He wants kids—just not yet. How to handle the question of when to start a family.
(Readers with children, stop right now: I know what you're going to say, and, please, save your breath. Yes, it is never a good time. I assure you, every ready-to-start-a-family couple has heard that bit of unhelpful non-advice by now. Next time you get the urge to say it to someone, why not try something more original instead—maybe a remark about the weather?)
When I'm honest with myself, though, I have to admit the main thing giving me cold feet about fatherhood is what it will mean for my leisure time. I've spent enough time around infants and toddlers to know that they are, in addition to being a ton of work, an endless amount of fun. But I'm not done yet having the kind of fun that comes from being young and unencumbered in a big city—exotic vacations, lazy weekends, the chance to use recreational drugs once in awhile without feeling like Courtney Love. This is one case where the grass, though visibly greener on the other side, still looks pretty darn good where I'm standing.

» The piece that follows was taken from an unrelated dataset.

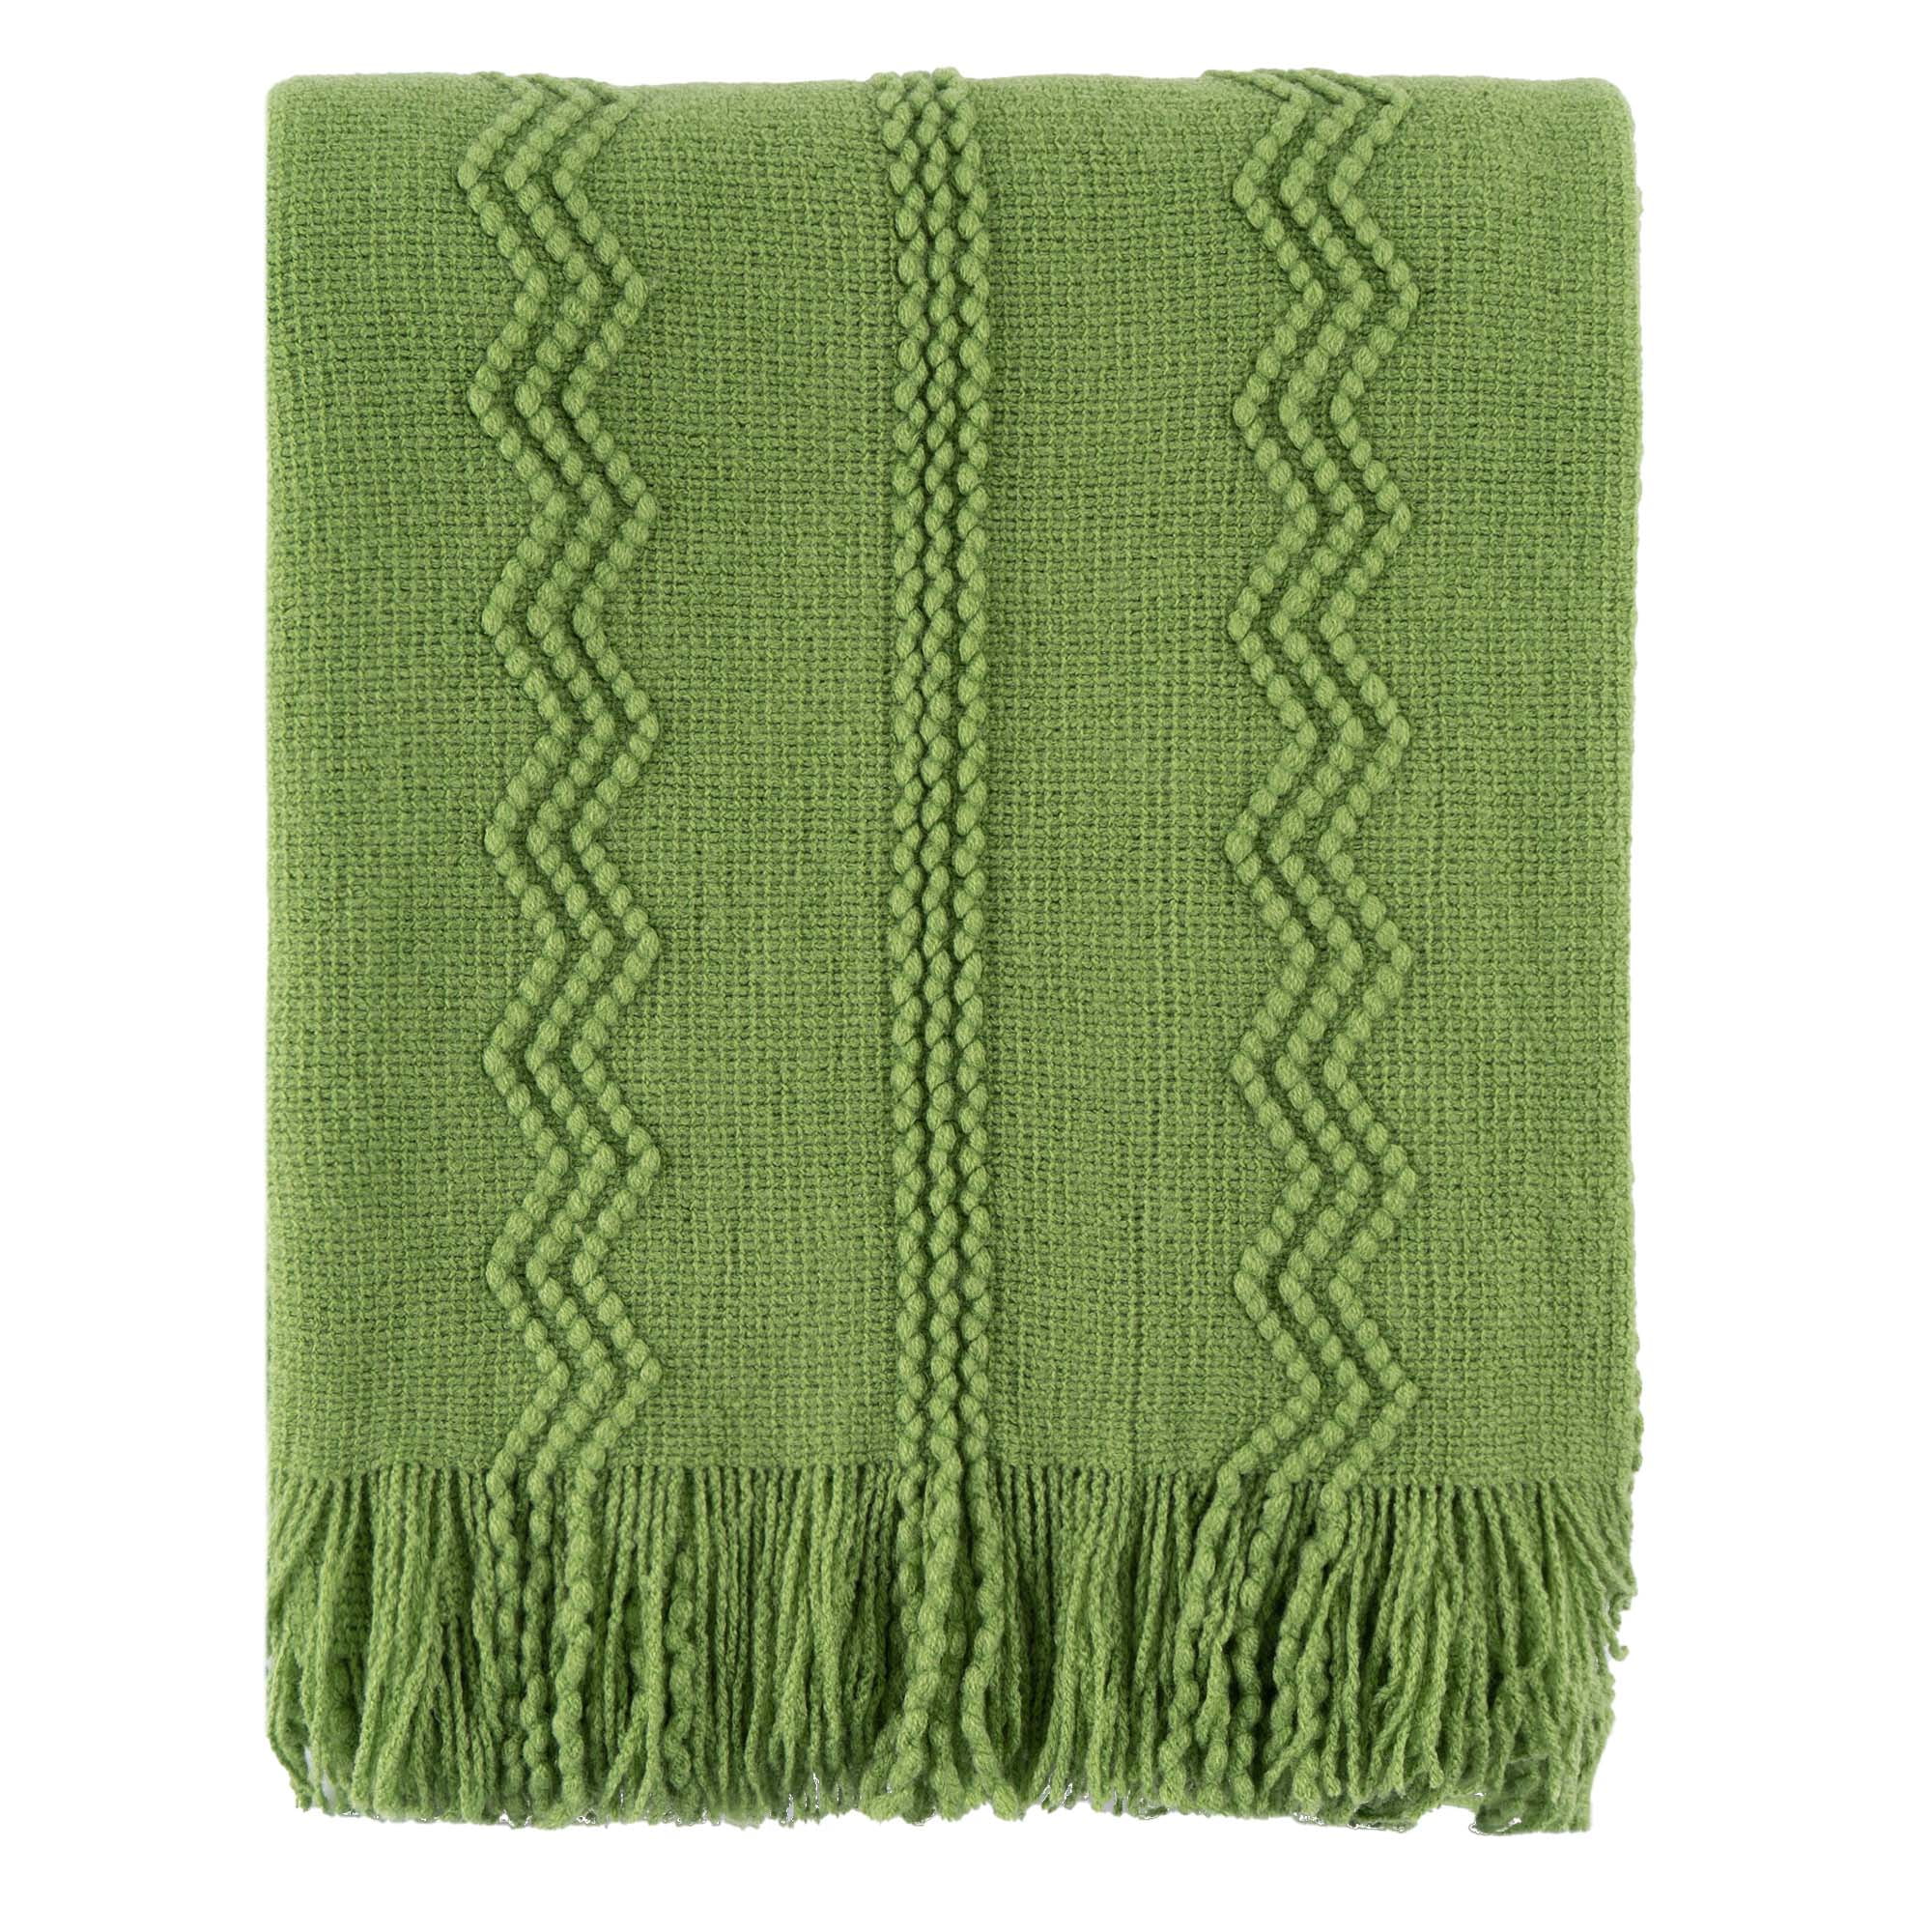 Battilo Green Throw Blanket Soft Lightweight Textured Sofa Blanket with ...

Of course this is ridiculous of me. I'm allergic to marijuana. The only foreign trip we've taken was to Canada. And when we have a weekend with nothing to do, we always somehow manage to fill it up with bill-paying and errands. So why my hang-up?
In place of an answer, I offer an observation. Among the couples we know, a distinct pattern prevails. The men are easygoing, messy, slightly underachieving. The women are disciplined, organized, successful at everything they do. When they have parties, it's the women who send out the Evites and whip up the fig-and-blue-cheese hors d'oeuvres, and the guys who make sure the music is loud enough and everybody has a drink in their hands.

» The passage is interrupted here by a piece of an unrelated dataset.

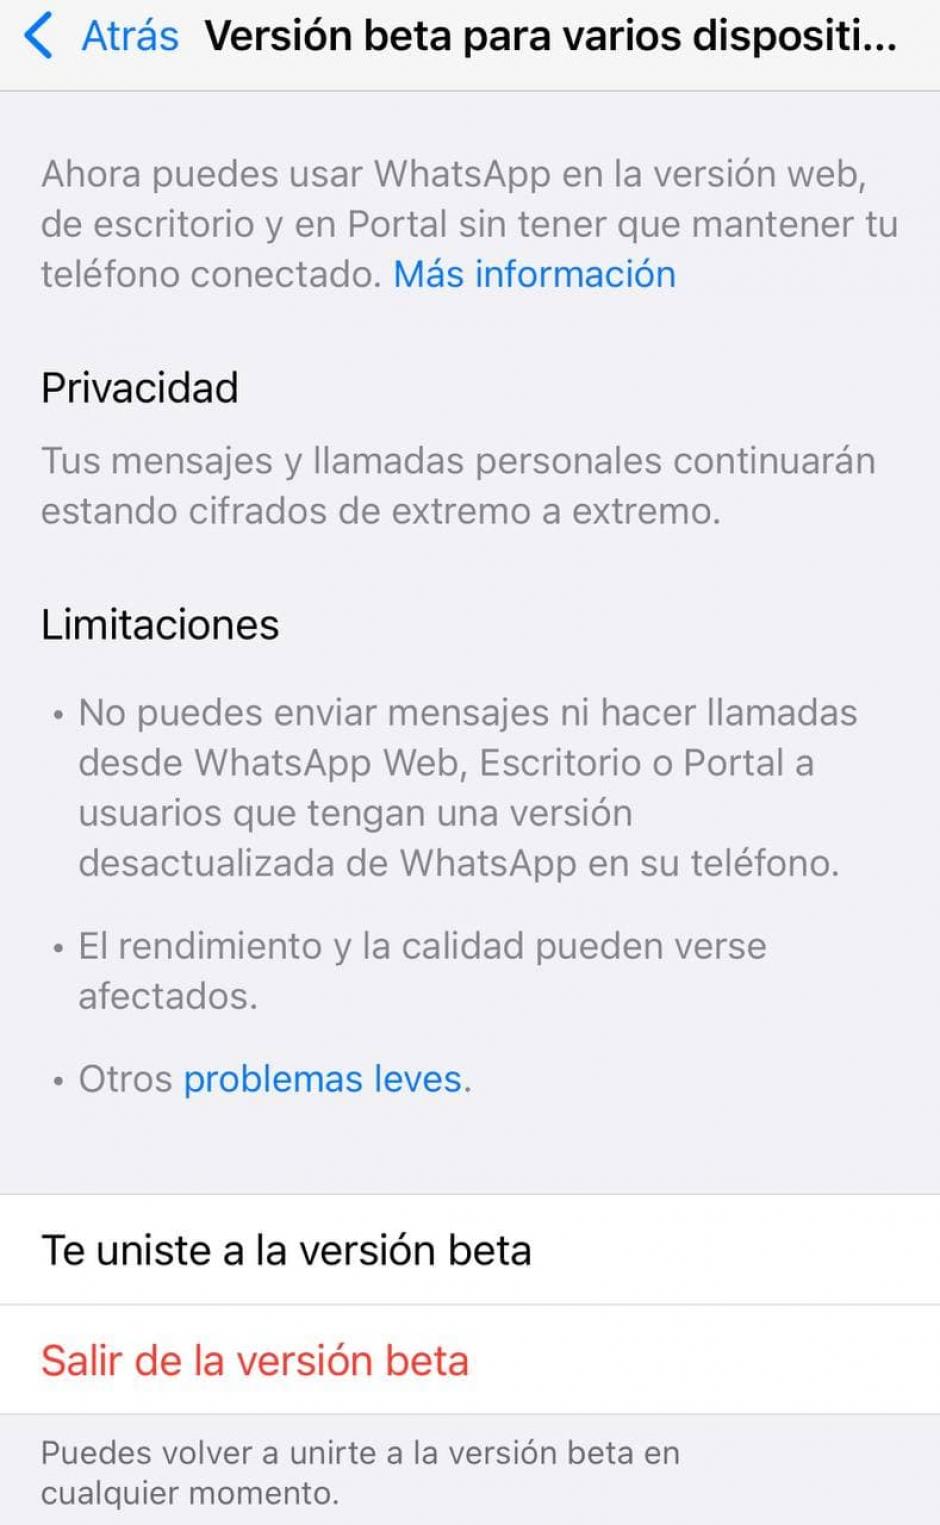 WhatsApp advierte de las limitaciones del servicio

I suspect this is, in part, a generational thing—a modern-day division of labor to replace the old "daddy works, mommy stays home" paradigm. Women create the structures of adult life (a pleasant home, a regular schedule); men try to preserve the energy and spontaneity of youth within those structures. There's tension involved in these divergent aims, but it's a positive tension: The couples upon whom I base my observation are mostly happy ones. Guys like me play for time, secure in the knowledge that the life we're deferring, full of grubby little fingers and juice boxes, will be waiting for us at the end. We're fighting a rearguard action, and we know it—but ultimately it's a fight we want to lose.